Classes & Inheritance
That problem is one of the main issues which OO languages solve by trying to bundle all operations you might perform right together with the data, in the object, as methods. While compiling your class, the types are monomorphic so the compiler can check the operations make sense. When you try to use the values, it's enough if the compiler knows how to find the method. In particular, if you make a derived class, the compiler knows "aha, it's ok to call that method from the base class even on a derived object".
Unfortunately, that would mean all you achieve by polymorphism is equivalent to compositing data and simply calling the (monomorphic) methods on a single field. To actually get different behaviour (but controlledly!) for different types, OO languages need virtual methods. What this amounts to is basically that the class has extra fields with pointers to the method implementations, much like the pointer to the combine function I used in the C example – with the difference that you can only implement an overriding method by adding a derived class, for which the compiler again knows the type of all the data fields etc. and you're safe and all.

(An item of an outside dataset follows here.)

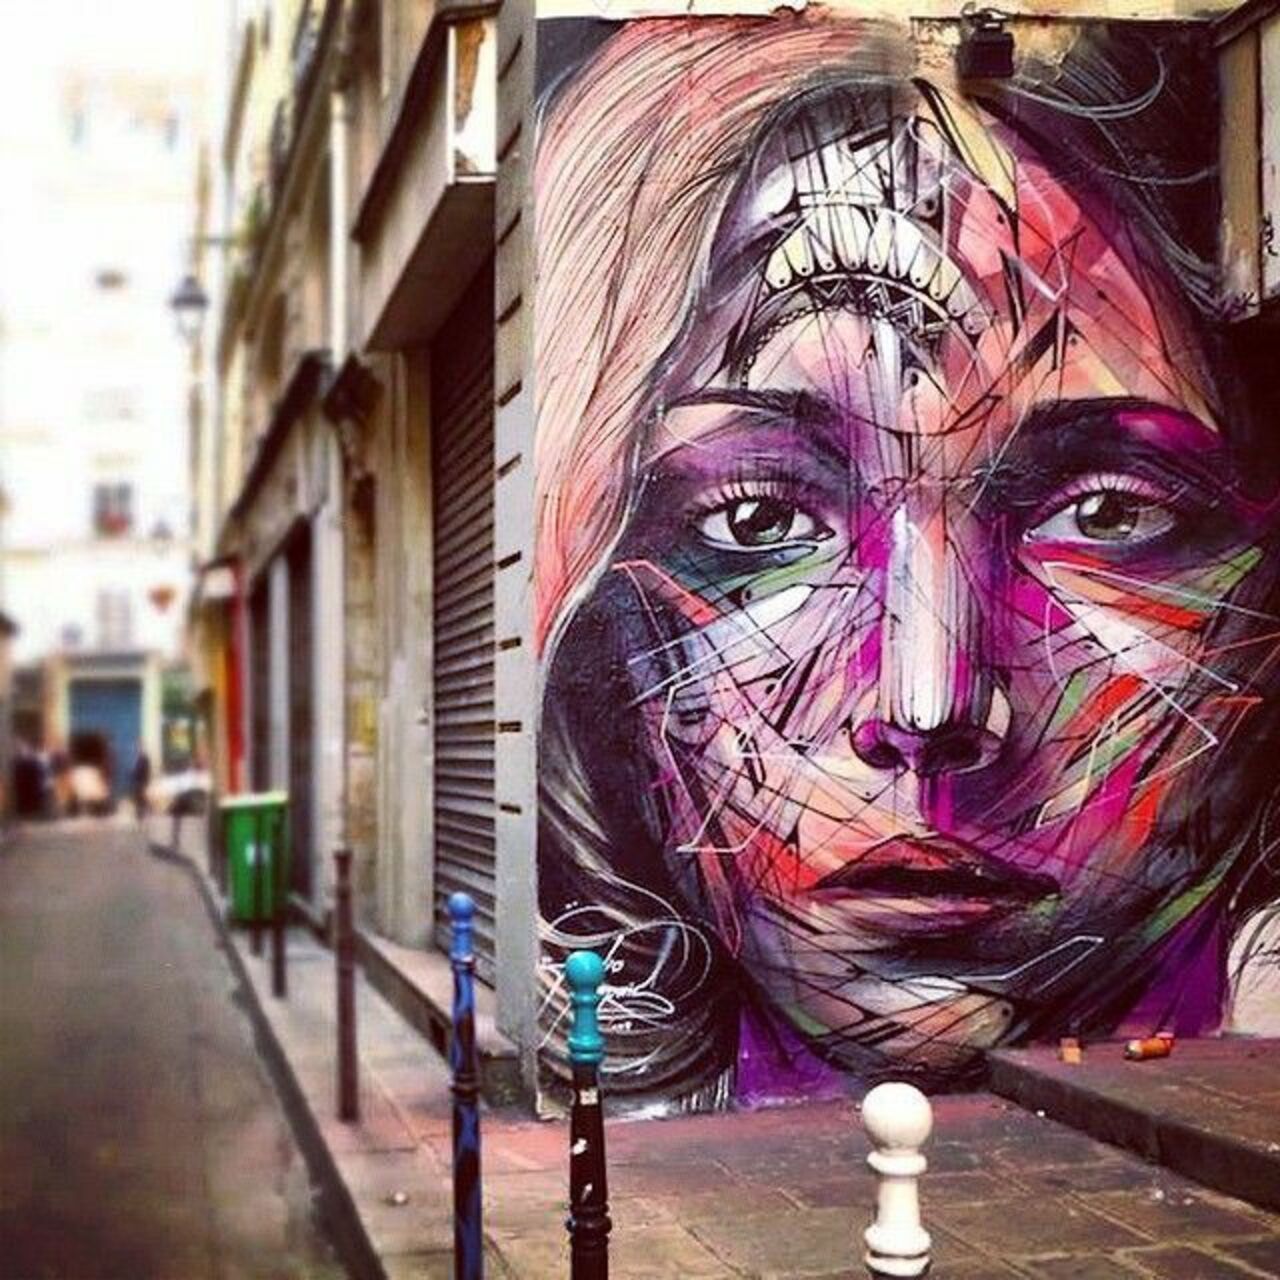 Hopare in Paris#streetart #mural #art #graffiti https://t.co/ZXHOpdZYL8

Sophisticated type systems, checked parametric polymorphism
While inheritance-based polymorphism obviously works, I can't help saying it's just crazy stupid3 sure a bit limiting. If you want to use just one particular operation that happens to be not implemented as a class method, you need to make an entire derived class. Even if you just want to vary an operation in some way, you need to derive and override a slightly different version of the method.

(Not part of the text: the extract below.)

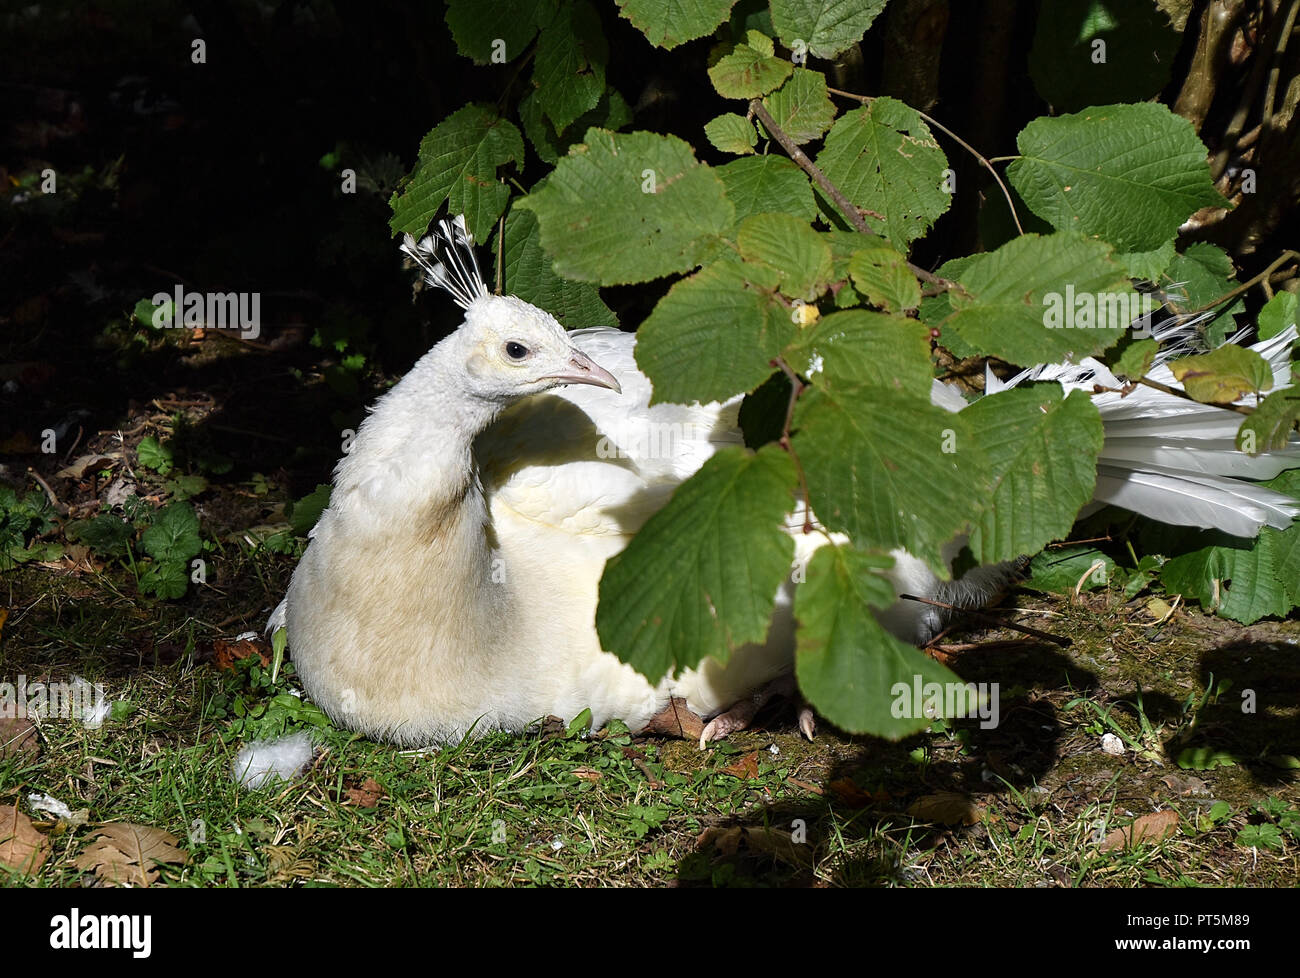 White Peafowl Stock Photo

Let's revisit our C code. On the face of it, we notice it should be perfectly possible to make it type-safe, without any method-bundling nonsense. We just need to make sure no type information is lost – not during compile-time, at least. Imagine (Read ∀T as "for all types T")
∀T: {
typedef struct{
T* contents;
int size;
} vector<T>;
}
∀T: {
vector<T> wrap1elem(T* elem) {
vector v;
v.contents = malloc(sizeof(T*));
v.contents[0] = &elem;
v.size = 1;
return v;
}
}
∀T: {
void accum_contents(vector<T> v, void* (*combine)(T*, const T*), T* acc) {
int i;
for(i=0; i<v.size; ++i) {
combine(&acc, (*T) (v[i]));
}
}
}
Observe how, even though the signatures look a lot like the C++ template thing on top of this post (which, as I said, really is just auto-generated monomorphic code), the implementation actually is pretty much just plain C. There are no T values in there, just pointers to them. No need to compile multiple versions of the code: at runtime, the type information isn't needed, we just handle generic pointers. At compile time, we do know the types and can use the function head to make sure they match. I.e., if you wrote
void evil_sumon (int* acc, double* x) { acc += *x; }
and tried to do
vector<float> v; char acc;
accum_contents(v, evil_sumon, acc);
the compiler would complain because the types don't match: in the declaration of accum_contents it says the type may vary, but all occurences of T do need to resolve to the same type.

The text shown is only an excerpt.